Problem statement: For this exercise, output the entries below exactly from the line that holds "Lifes a beach: 17" to the line that holds "KingSener A1713 Laptop", both ends included. No pictures belong in the copy.

Excerpted records:
• • • • •
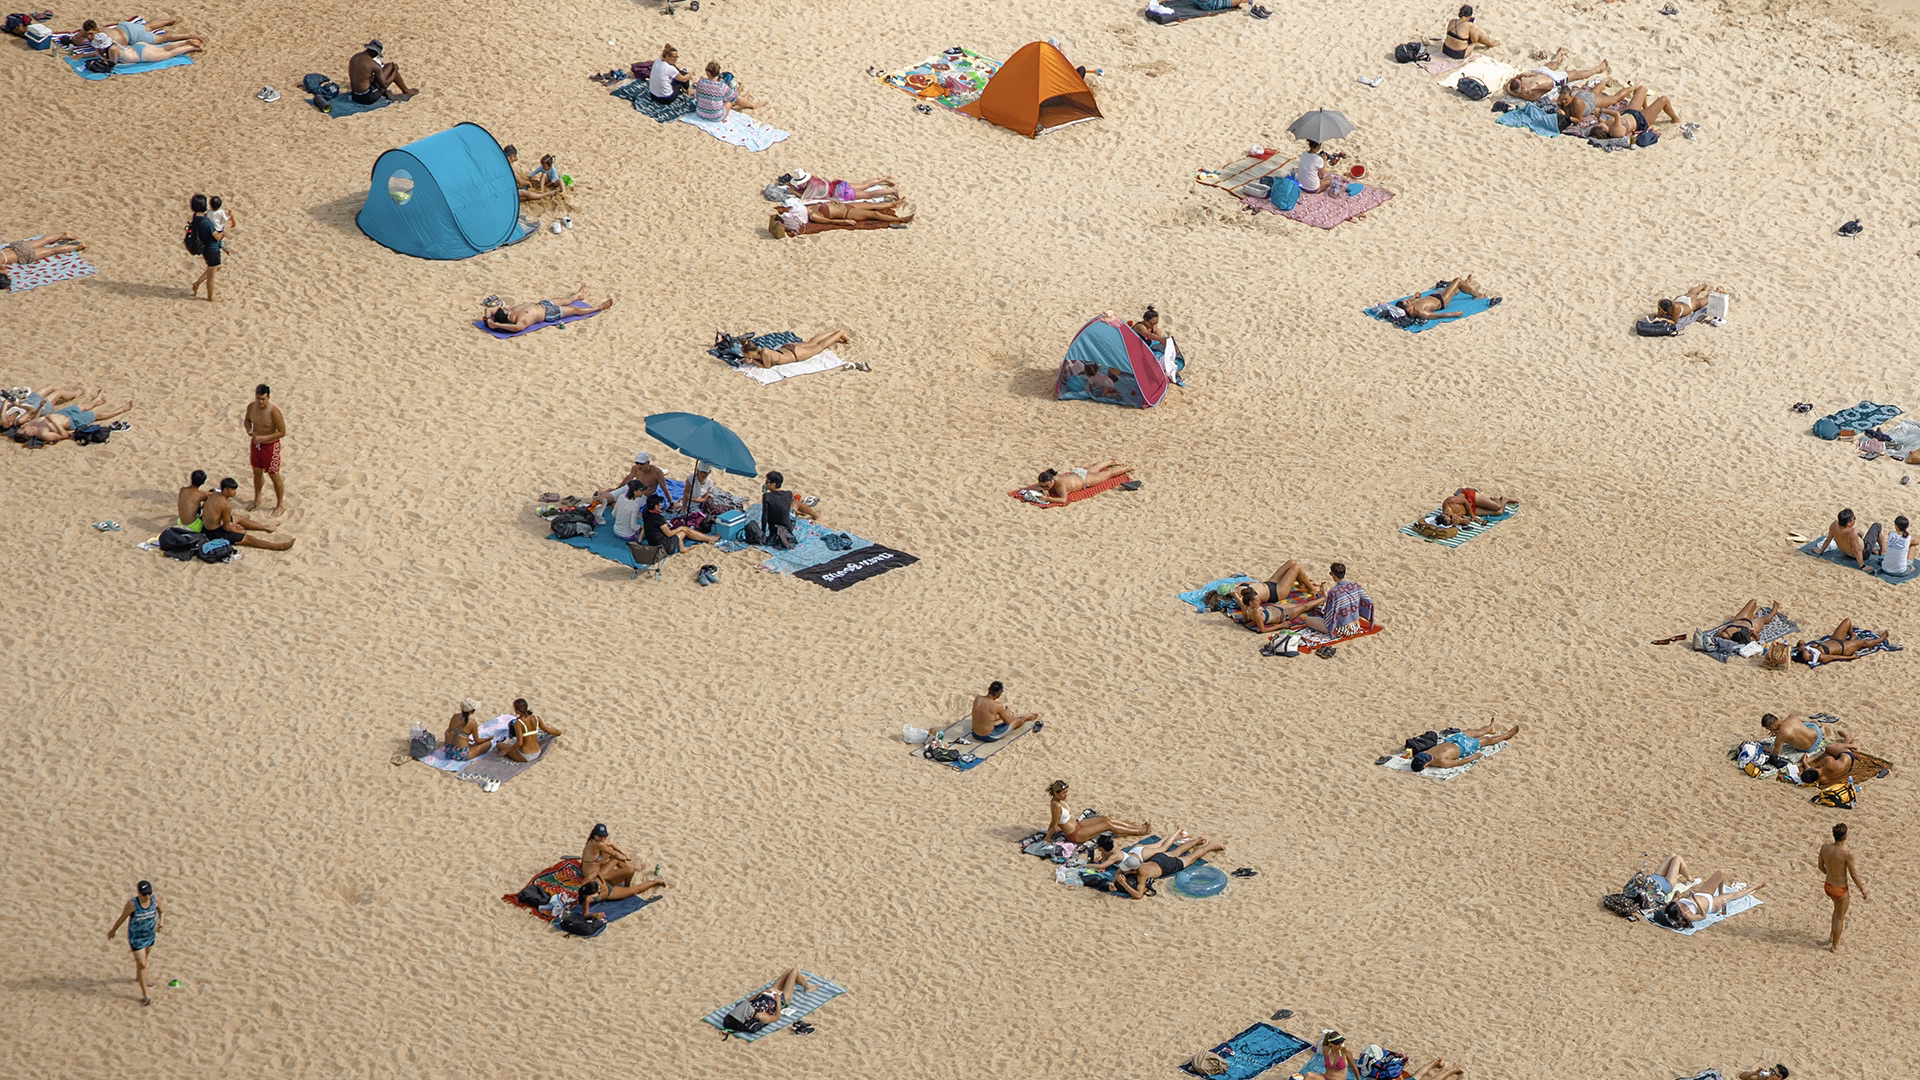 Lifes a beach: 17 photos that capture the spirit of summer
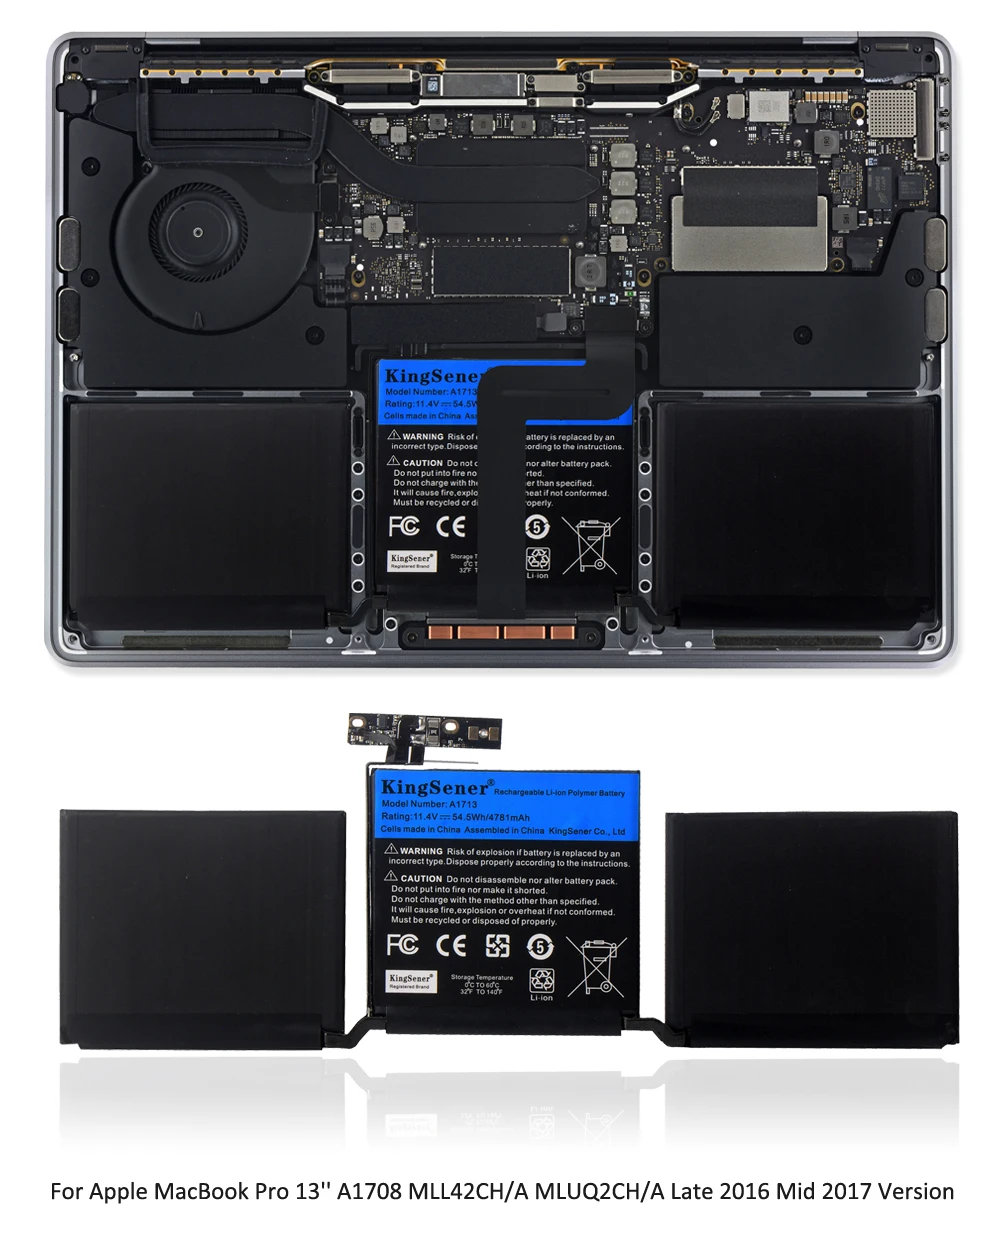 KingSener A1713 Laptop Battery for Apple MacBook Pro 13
• • • • •
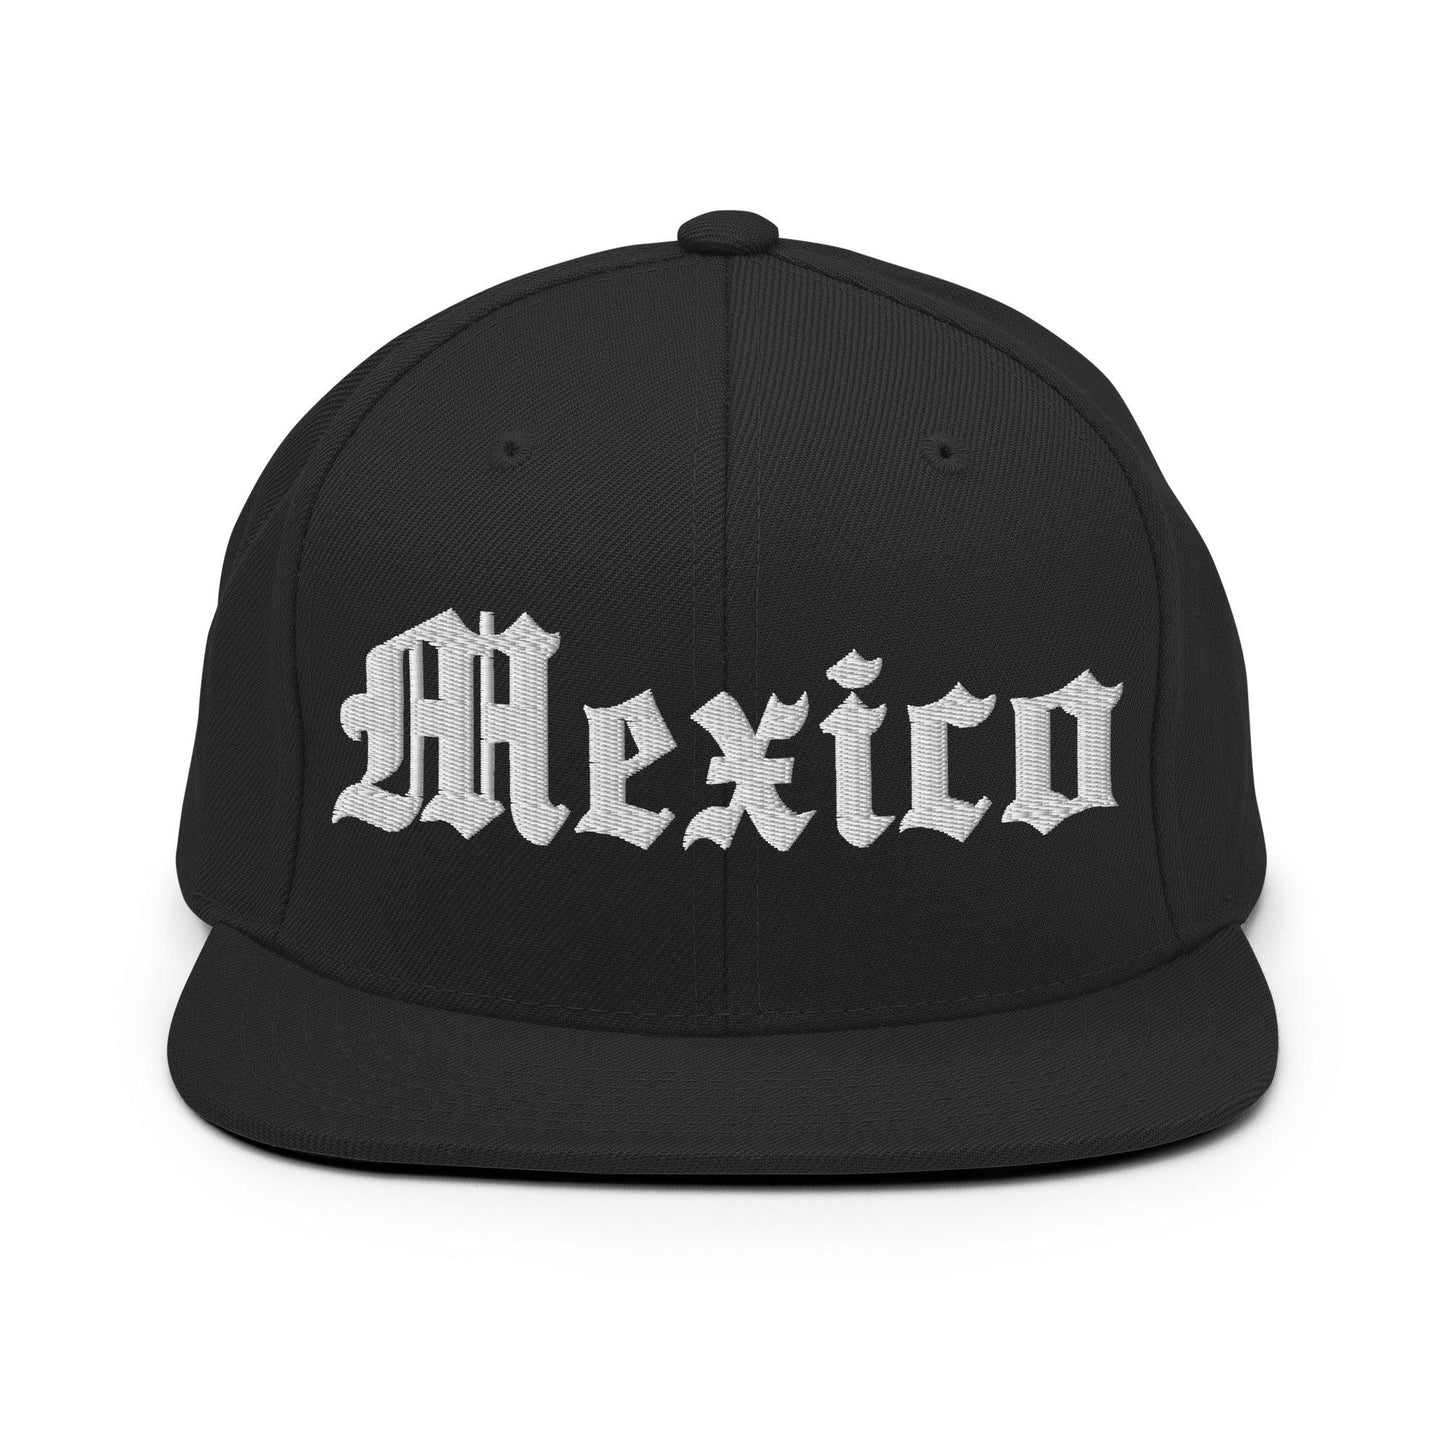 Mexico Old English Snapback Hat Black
• • • • •
Result for this task:
 Lifes a beach: 17 photos that capture the spirit of summer
 KingSener A1713 Laptop Battery for Apple MacBook Pro 13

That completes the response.